Consider an application which presents the user with a
number of child windows or 'views', of which only one (the
active window) can receive the keyboard focus at a time. It
would in this case make sense to give the active/focus
window a higher priority than the others, if concurrent
activity in other windows is likely to impede the
responsiveness of the one with which the user is interacting
at that time. This can be achieved quite easily by assigning
each window its own 'worker' thread and setting the priority
of the active/focus window thread higher than that of its
siblings. In this case the thread for the active window will
receive the processor resource that it requires without
OS/2 Threads Cookbook page 5
interference from the other windows, aiding in the perceived
responsiveness of the application.
Actual overall efficiency can be achieved by overlapping
processor intensive tasks with those for input/output eg.
disk I/O. OS/2, as a true pre-emptive multitasking system,
can balance the priorities between processes to maximize
throughput but it is the application's responsibility to
separate within itself lengthy I/O tasks from processor
intensive ones, and especially those likely to interfere
with servicing of the system message queue (more on this
important area later). For example, if a user initiates a
lengthy file open/save operation or printing activity it
should be possible to interrupt this activity if the user
changes his/her mind, or still interact with other facets of
the application in parallel with the I/O activity. Failure
to split this activity off from the primary thread can even
inhibit the user's ability to switch to another unrelated
application on the desktop. In this case, it may be
advantageous to spawn a thread specifically for servicing
the disk or printer asynchronously. The main thread could
then off-load such tasks and 'queue' them to a background
thread, and get on business of interacting with the user.

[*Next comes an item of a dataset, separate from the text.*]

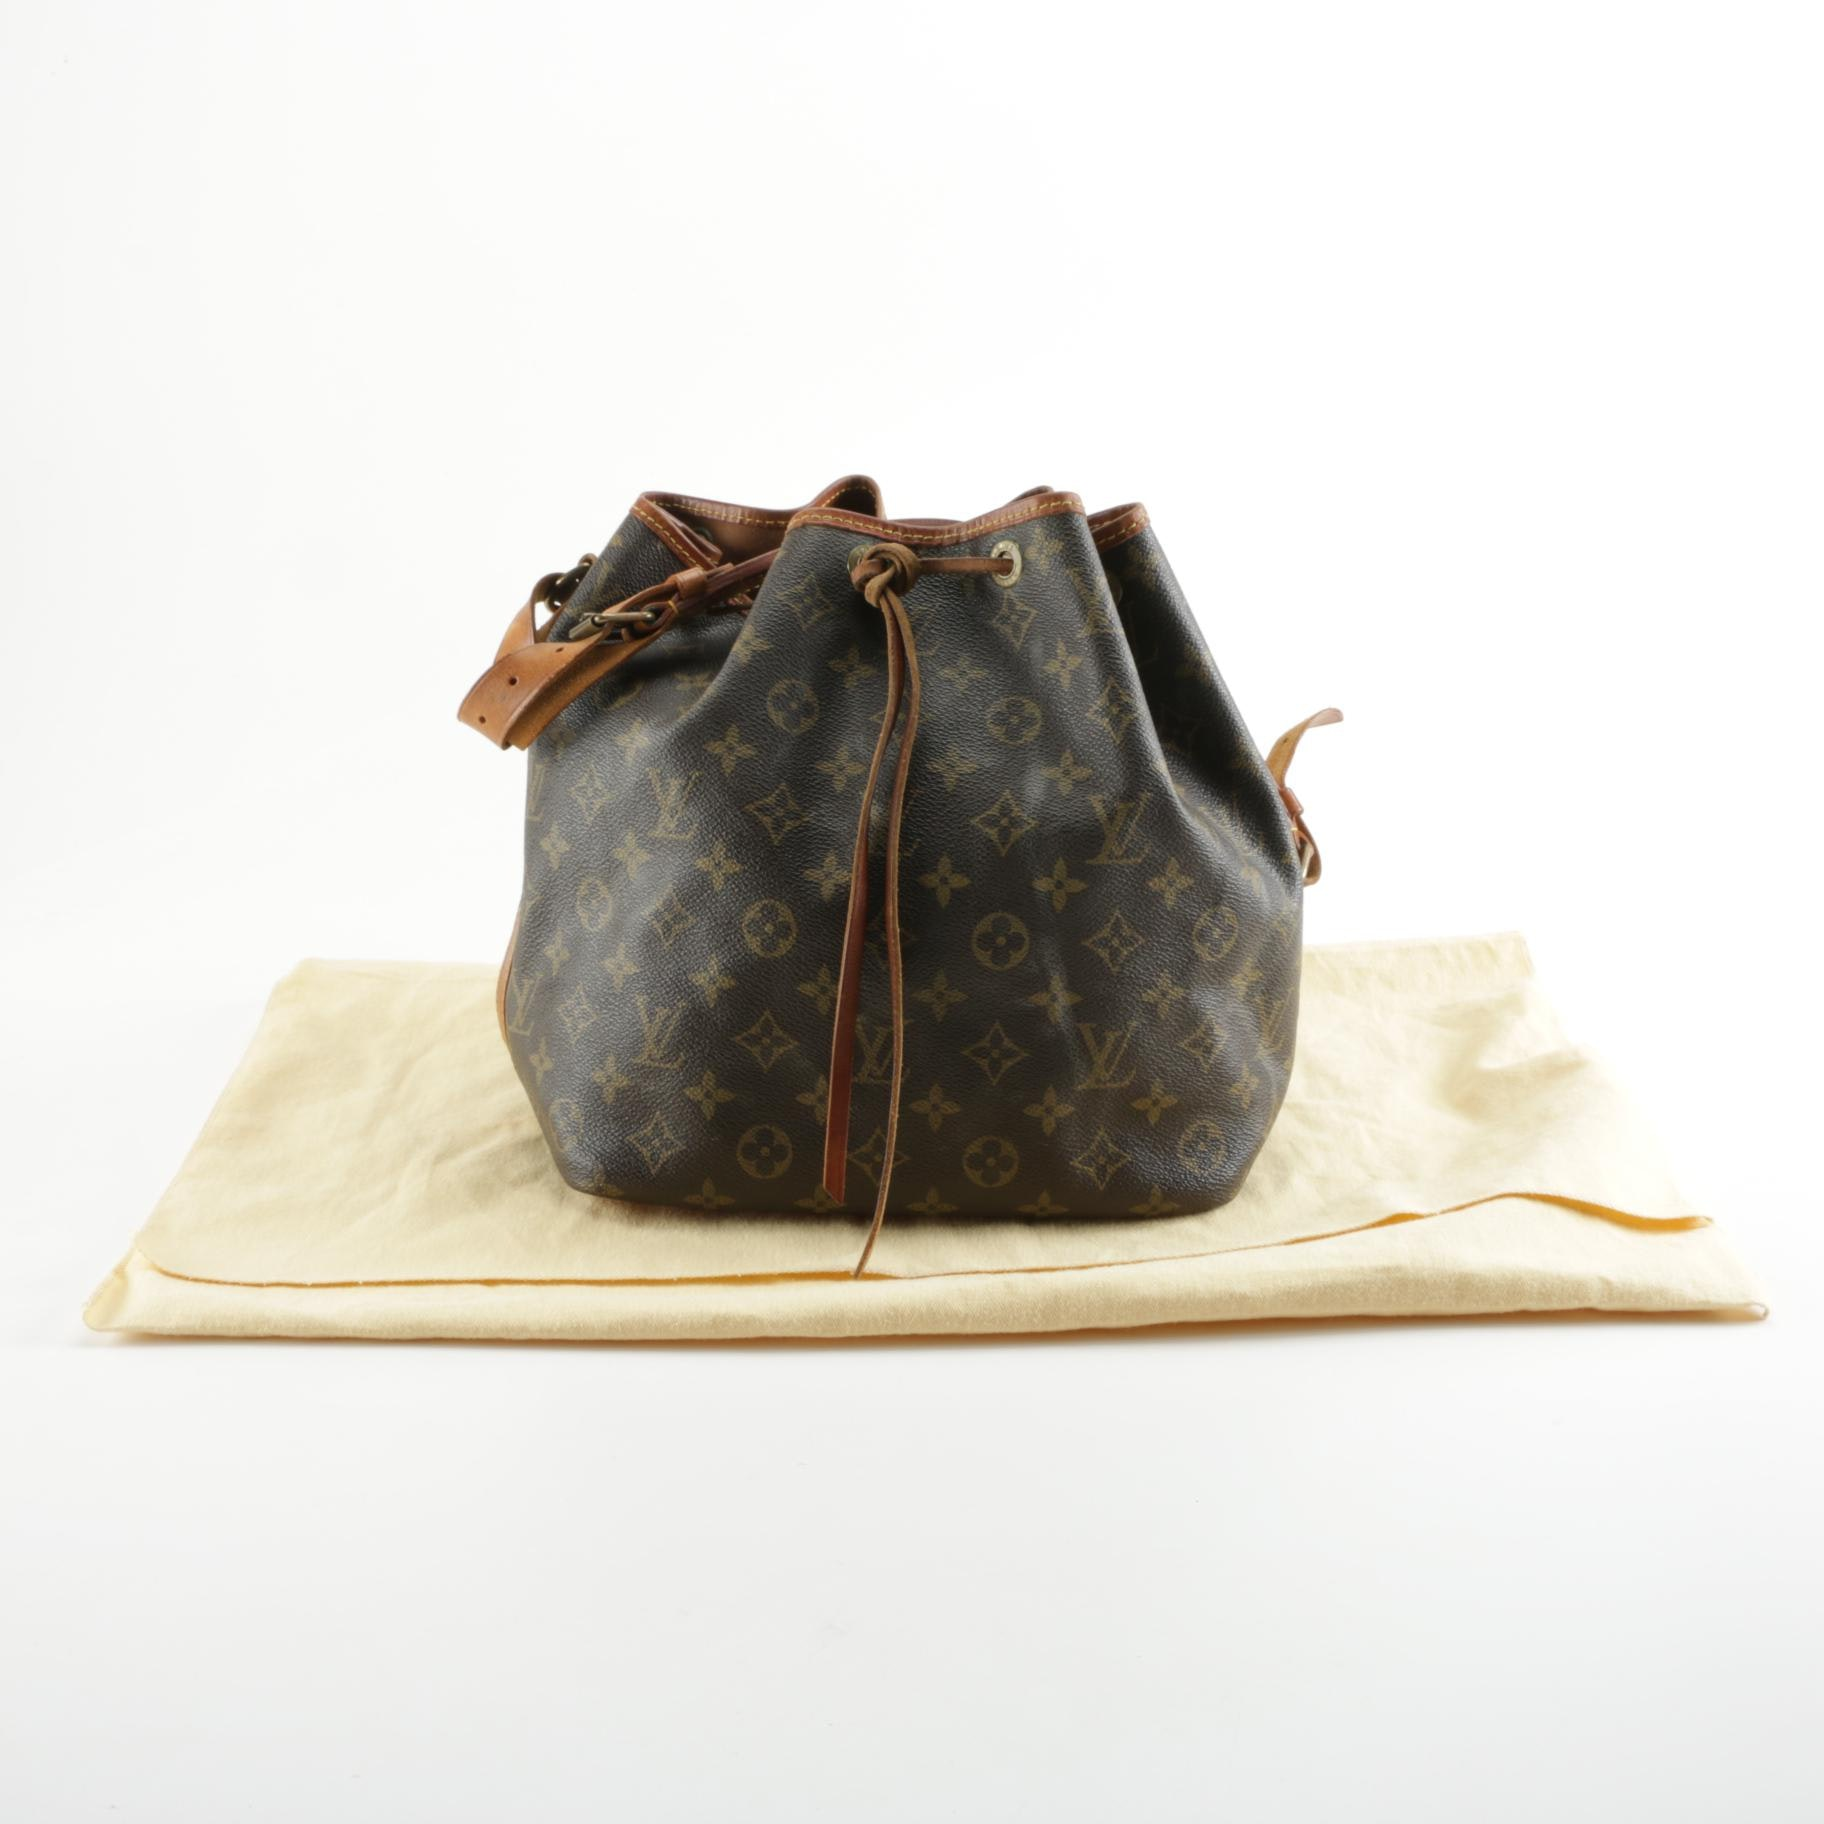 1980s Louis Vuitton Monogram Petit Noe Bag

Note that in this case it makes no sense to have a number of
threads for a single resource (like a printer) as no
efficiency is gained.
It may be helpful to think of a one for one correspondence
between threads and 'resources' (be they windows or the disk
or a printer), with a 'master' thread interacting with the
user (and hence the system message queue). It is this
concept of resource based threads that will be expounded
upon in the following.
Message queues ______________
Presentation Manager (among other GUI systems) has a message
switching architecture to facilitate the routing of messages
of different types among the 'windows' that make up the
presentation layer for OS/2. An application can receive
messages from the system eg. when a user attempts to re-size
a window, or can send messages to itself or other windows in
the system. Messages can either be SENT (explicitly with
WinSendMsg or implicitly with a large number of other API
calls eg. WinSetWindowText) or POSTed (with WinPostMsg).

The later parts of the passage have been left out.